By Adekunle Adekoya

THE movie and music industry in our country is a unique one that I find difficult to understand with the passing of each day. To borrow a cliche, it is one industry where the monkey works and the baboon makes away with the proceeds of the monkey’s work, leaving the monkey high and dry, left only to scrape from the peelings of the banana discarded after the baboon has had its fill.

Of course, I am talking about how piracy has redefined the shape and structure of the industry. Our people are very clever; some of us invest in high-tech equipment for one purpose only; to take the icing off the cake of others. Musicians and songwriters sit down, and after labouring on their compositions, go to the studio and come out with albums.

Ditto for those in movies; they struggle to produce a movie which they hope to earn good returns from, but alas, pirates snatch the thing away and make all the money. Though the artistes and industry regulators seem to be trying their best, it is still not good enough. At one level, it can be understood if the global community discerns that we are merely ONLY hurting ourselves, but it is a different thing altogether if it is seen that it is in our character not only to hurt ourselves but others as well.

I am sure not a few of us must have noticed a weird development in the movie sub-sector of the entertainment industry.

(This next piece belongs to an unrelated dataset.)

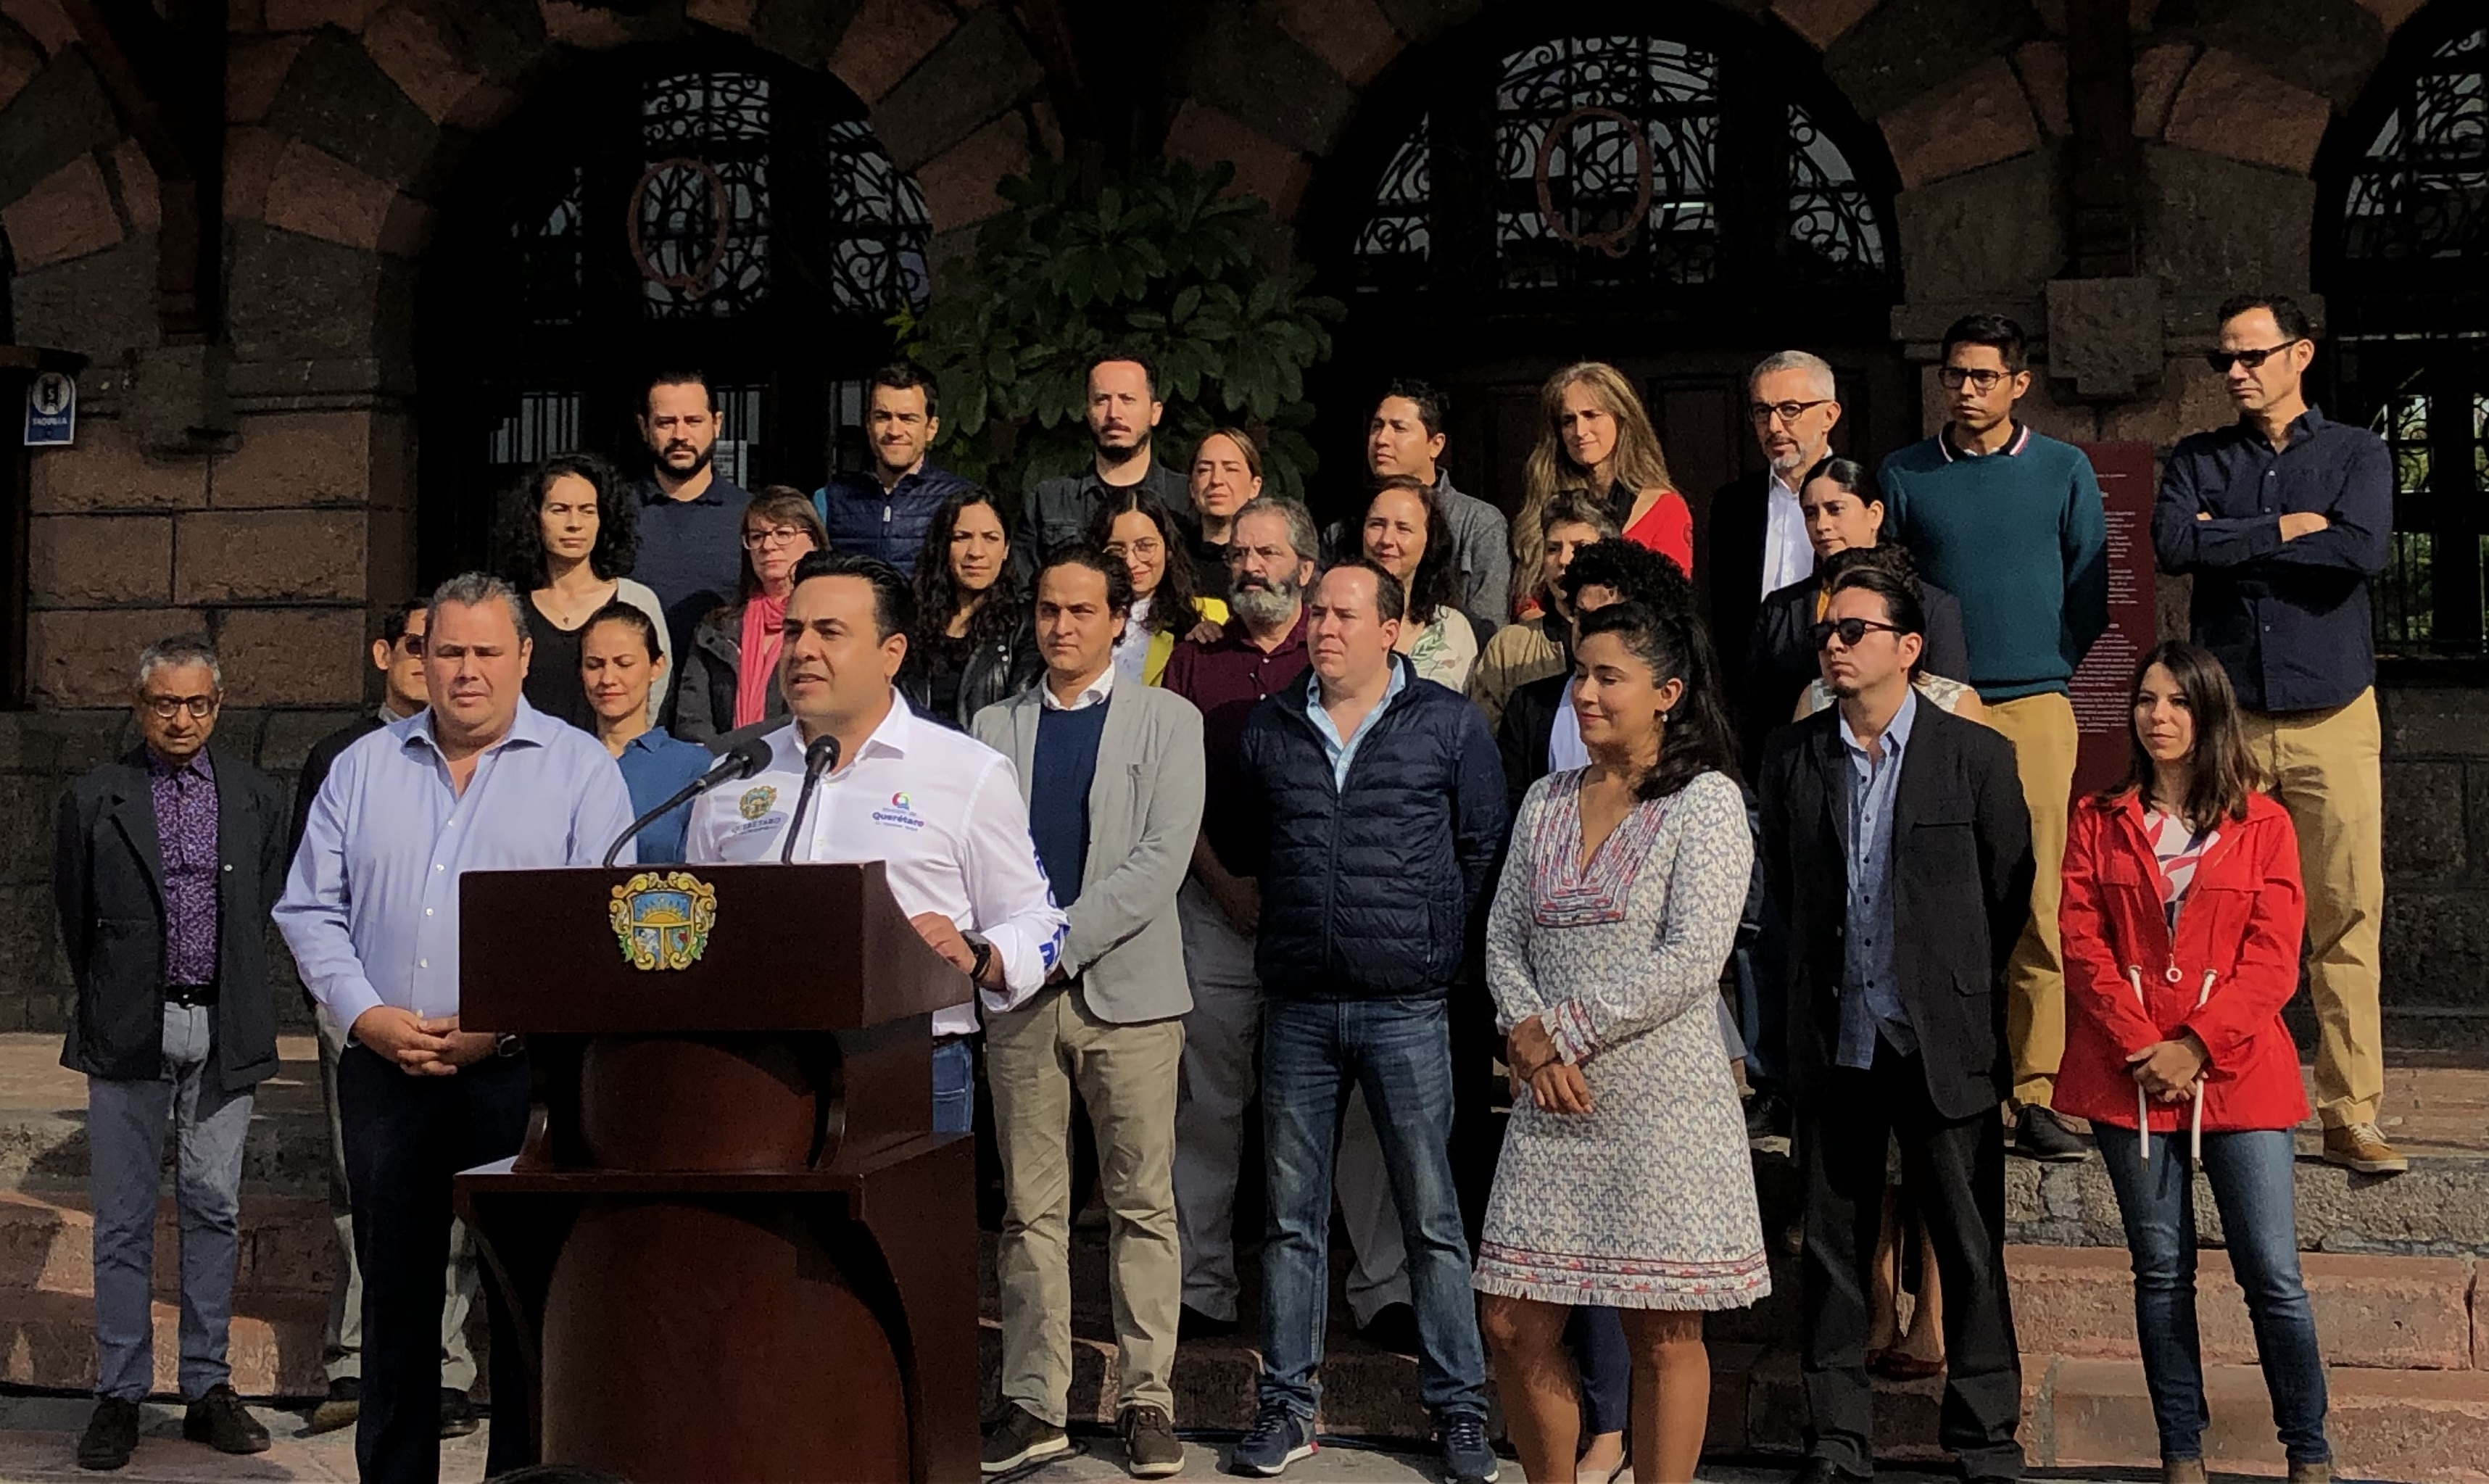  Querétaro se compromete a 23 acciones tras nombramiento de “Ciudad Creativa del Diseño”

The pirates have upped the ante: they now take foreign movies and voice them over in local languages. So at major bus-stops in our towns and cities, it has become a common sight to see people clustered around a TV set mounted by an itinerant audio/video CD seller, enjoying a movie in which names like Sylvester Stallone, Bruce Willis, Arnold Schwarzenegger and others are starring, with the lines (audio) rendered in Yoruba!

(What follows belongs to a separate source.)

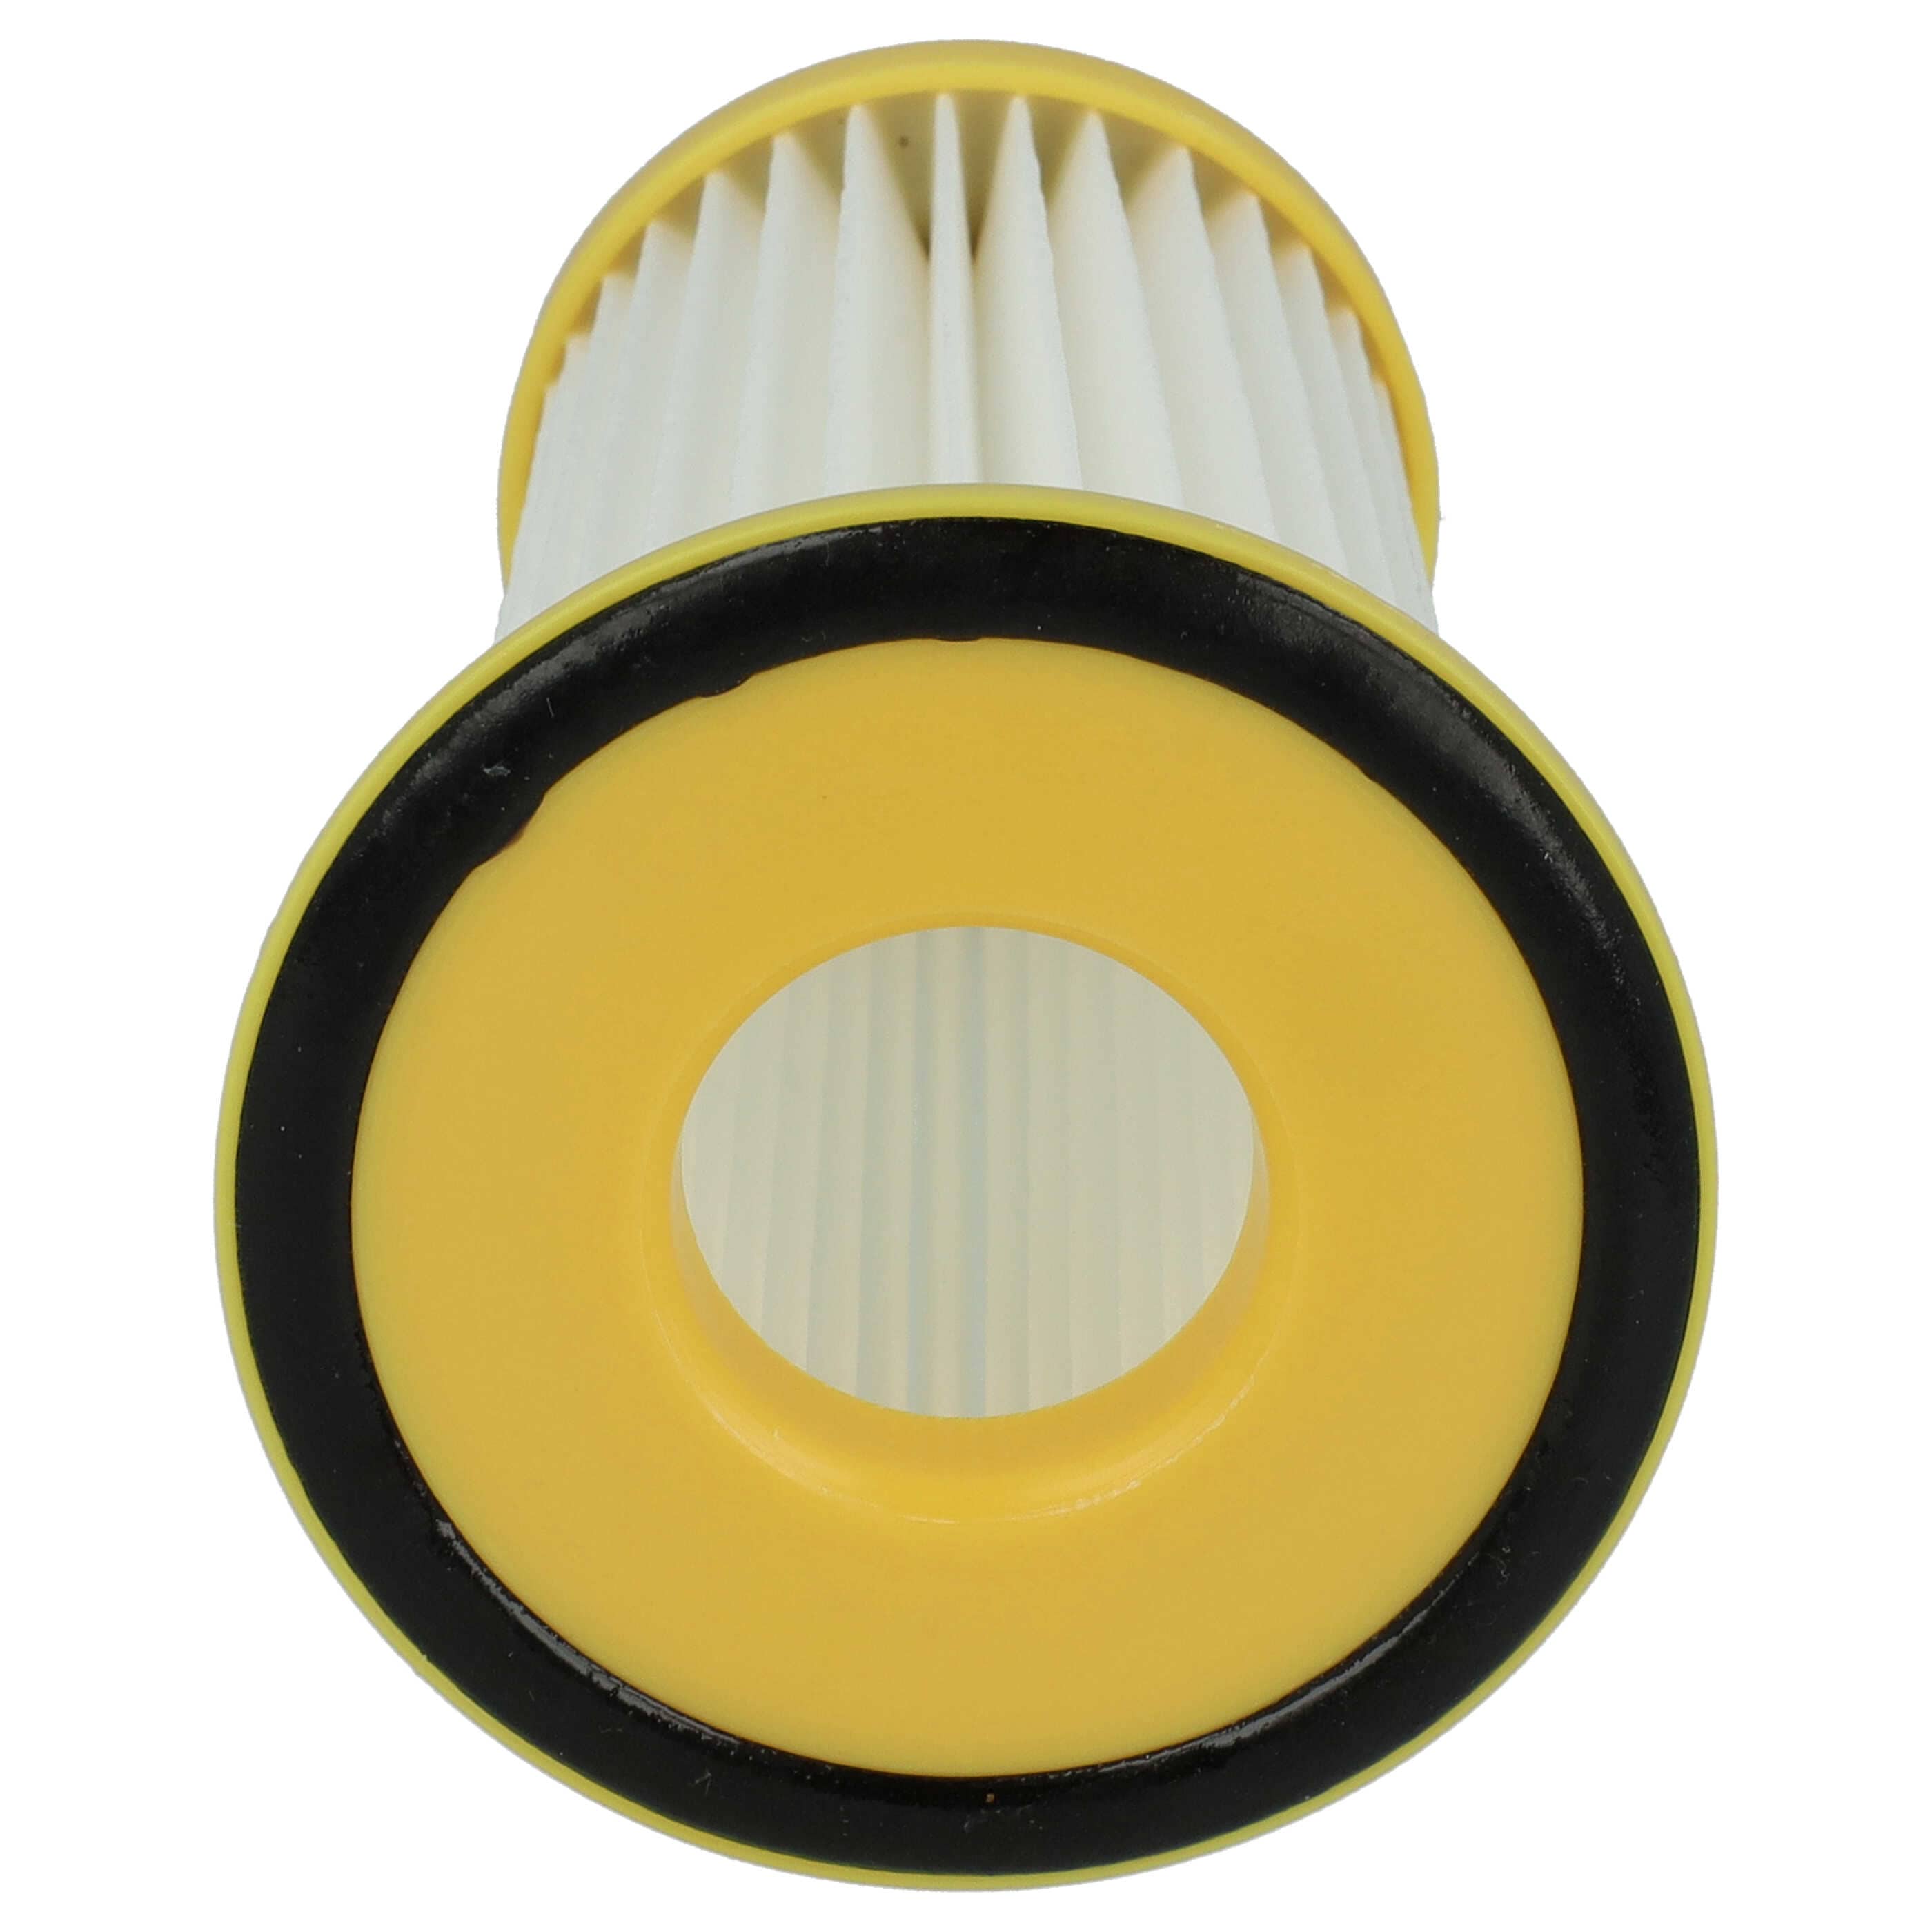 Filtro sostituisce Philips 432200520850 per aspirapolvere - filtro cartucce, bianco / giallo

It is not sub-titling, in which a movie whose audio lines are, for example, in Mandarin or Malaysian are sub-titled in English to enable non-Mandarin speakers follow the dialogue. Even our local movie-makers do this; it is standard practice. Movies made in Yoruba, Igbo, or Hausa languages are sub-titled in English for the benefit of the global audience. In the ones I am talking about, first the movie being shown is a pirated copy of the original, and the piracy is compounded by voicing over the original audio in one of our local languages!

How much worse can we get? To what level are we taking piracy in this country?

I am sure we all want a good country. No Nigerian that has ever traveled abroad fails to be impressed by the orderliness with which people in other countries conduct their affairs, as well as the allure of their clean environment. They did not do magic; they simply obey laws. The argument is that discipline is a pre-condition for law and order, itself a situation whereby each and everyone of us willingly, without compulsion or coercion, obey the laws of the land. If the majority of us willingly abide by our laws, it will be easy pickings for the Police to track the errant few who choose to operate outside the law.

The way things are now, it is nearly impossible for the Nigerian Copyright Commission and the self-preserving activities of music and movies producers to check piracy and pirates. It has got to a level where the security agencies have to take more than a passing interest in piracy; it must be seen as a major security breach at par with crude theft, and treated as such. Indeed, it is a major economic crime, and the EFCC must take interest.